_Data section_
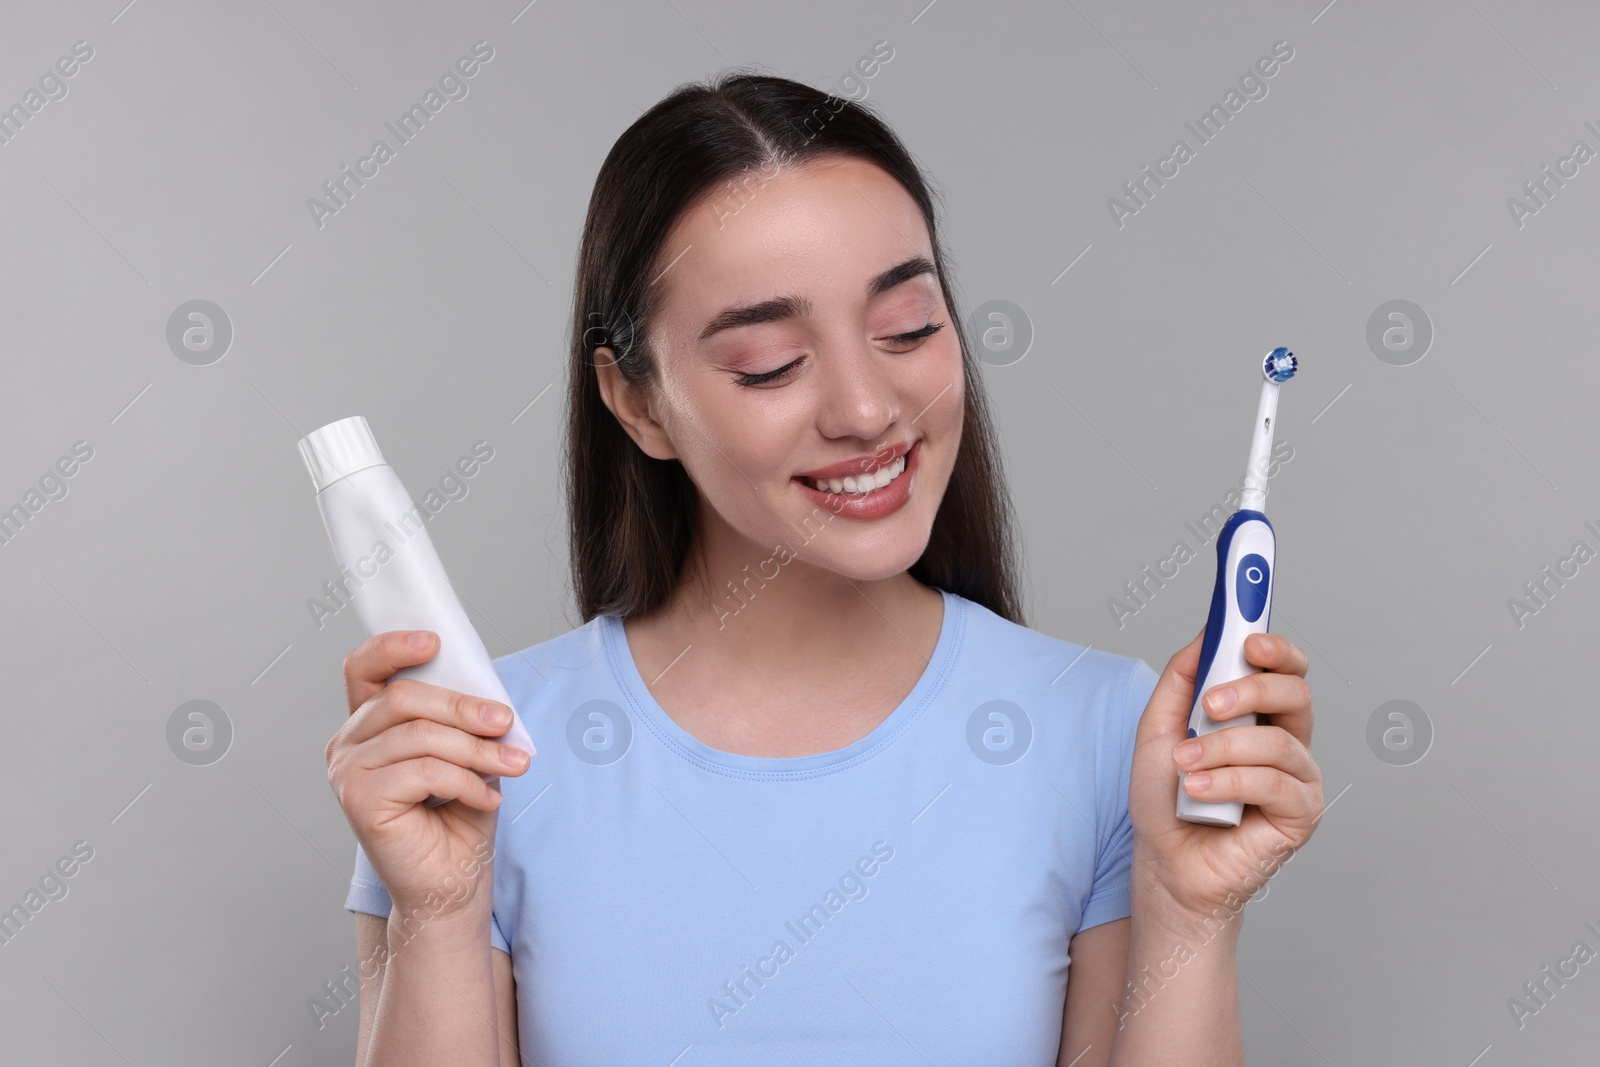 Photo of Happy young woman holding electric toothbrush and tube of toothpaste on light grey background
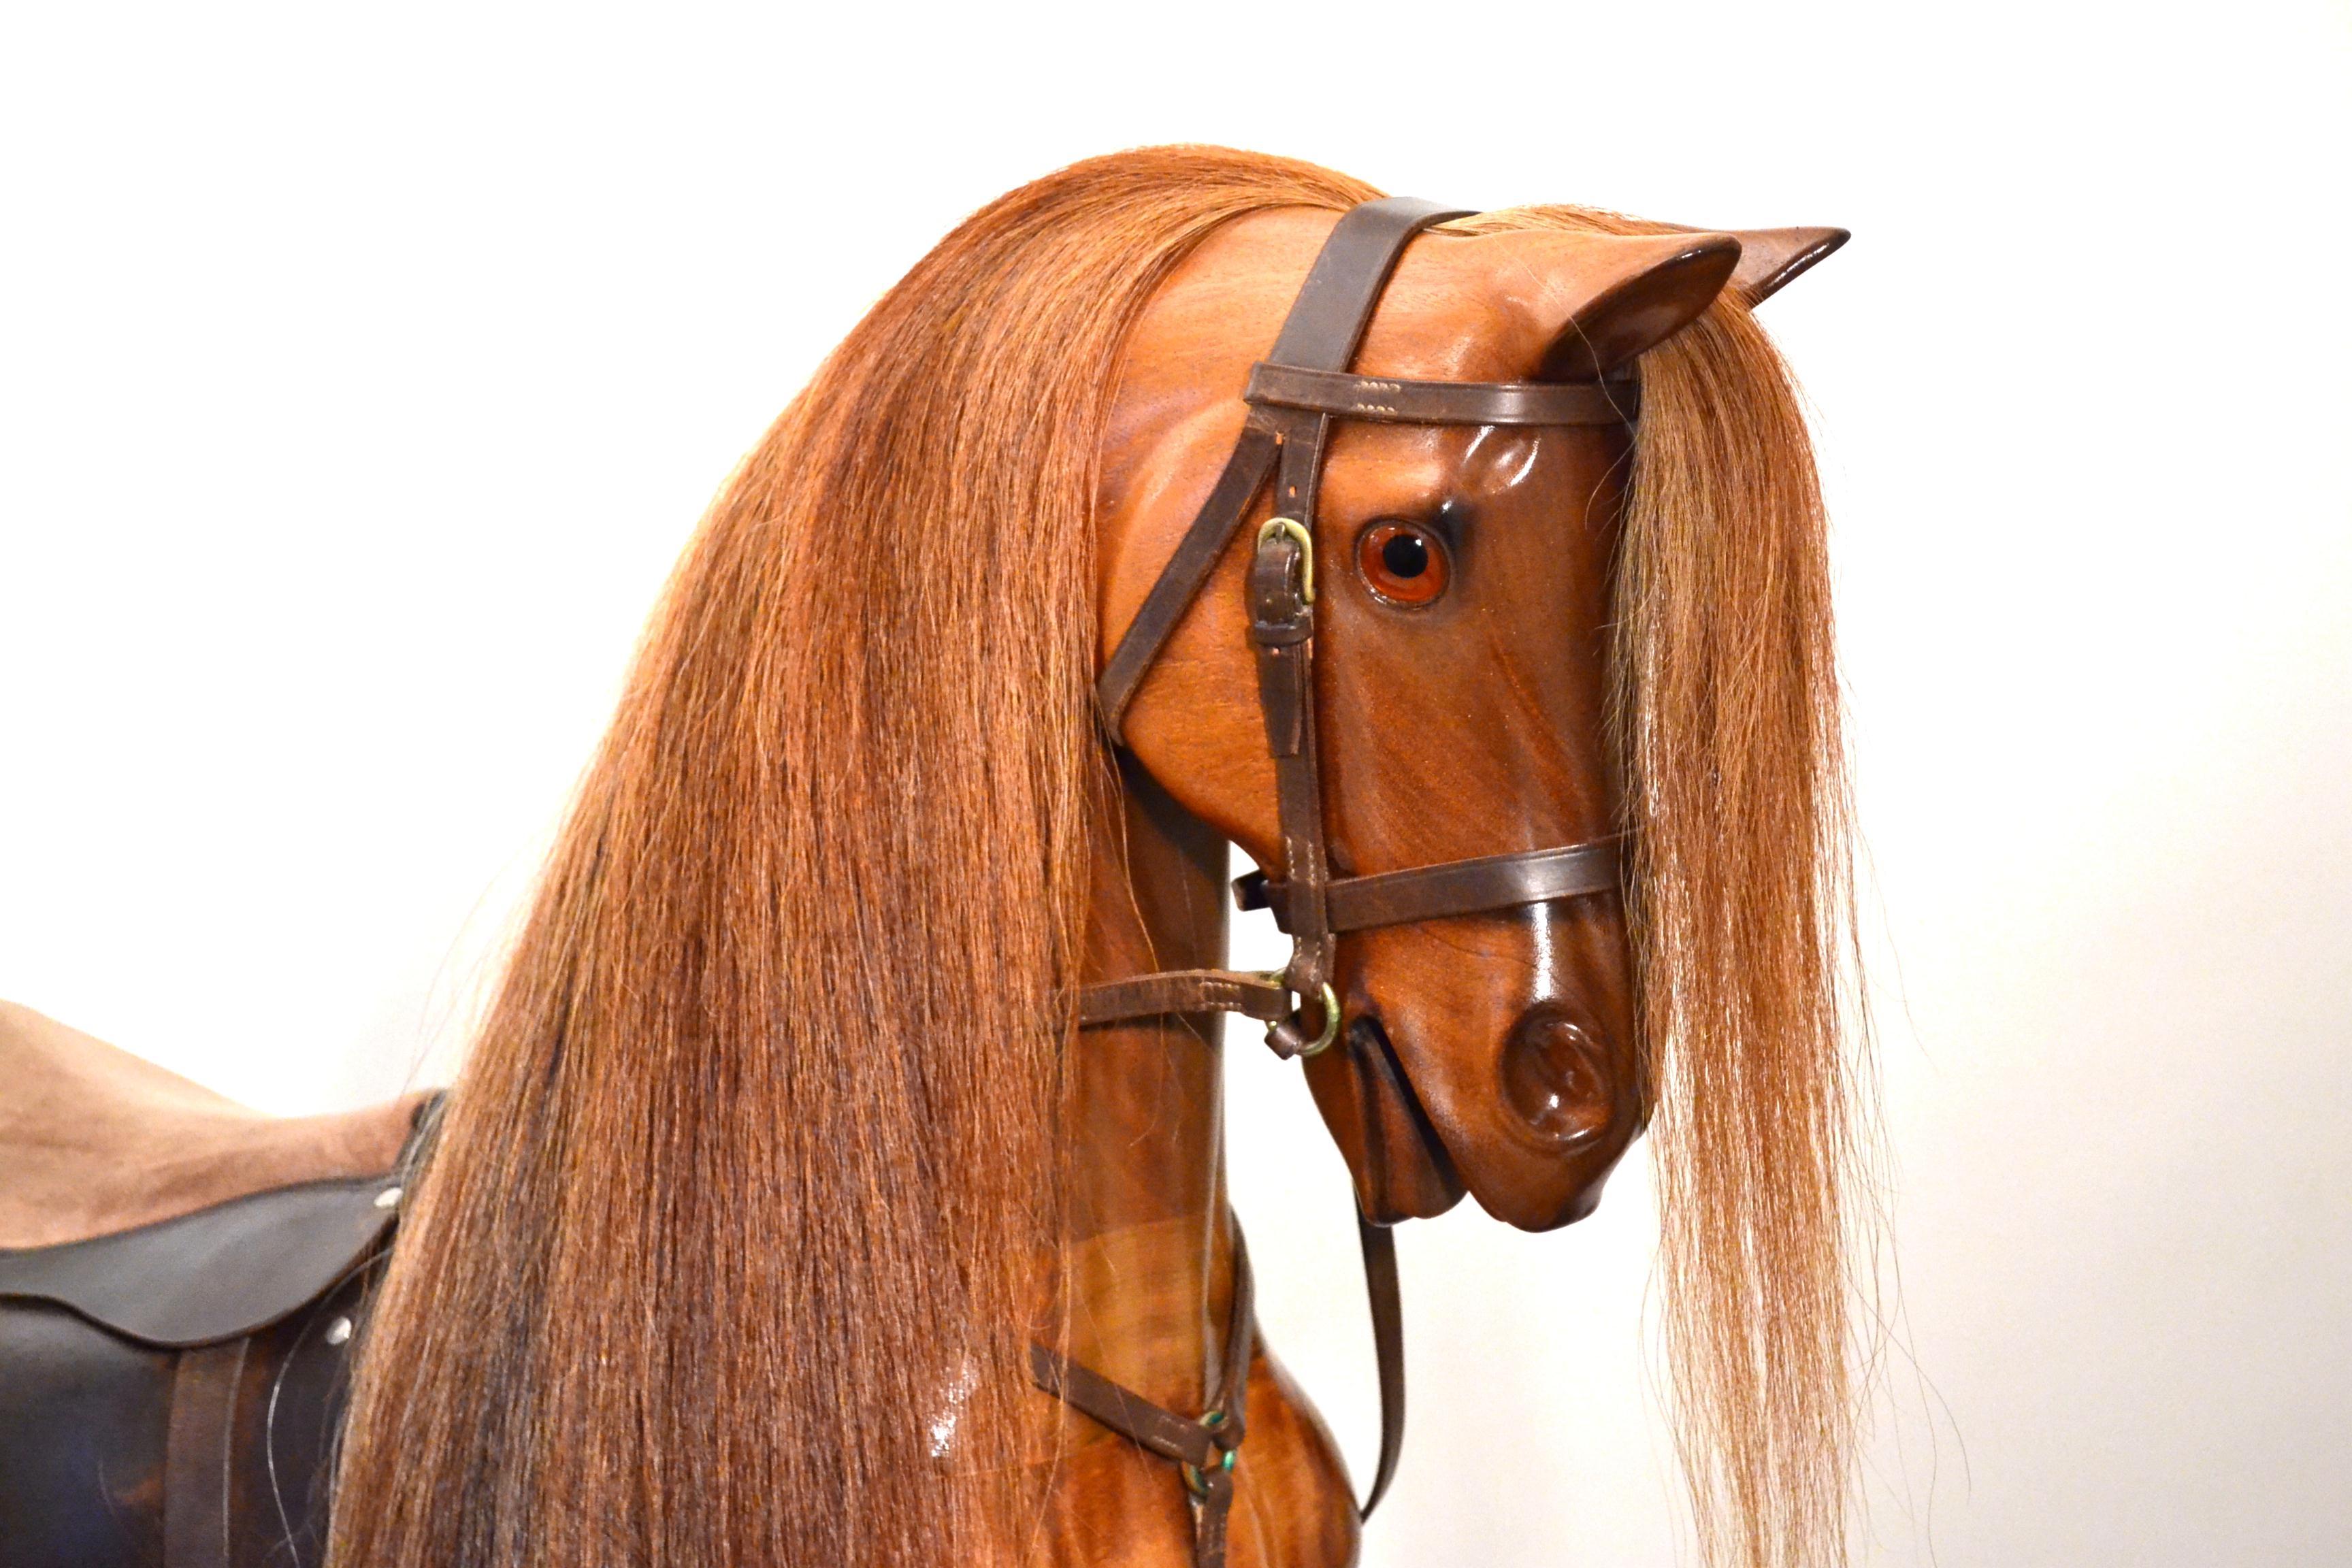 Handcrafted wooden rocking horse by Geoff Martin

A fine handcrafted chestnut rocking horse by Geoff Martin of Horsecraft. With arched neck and pricked ears glass eyes and real horse hair mane and tail. Hand stitched leather bridle and martingale

_Work request_
Output each line exactly as shown above; no pictures go in the copy.

_Solution to the problem_
 Photo of Happy young woman holding electric toothbrush and tube of toothpaste on light grey background
 Handcrafted wooden rocking horse by Geoff Martin

A fine handcrafted chestnut rocking horse by Geoff Martin of Horsecraft. With arched neck and pricked ears glass eyes and real horse hair mane and tail. Hand stitched leather bridle and martingale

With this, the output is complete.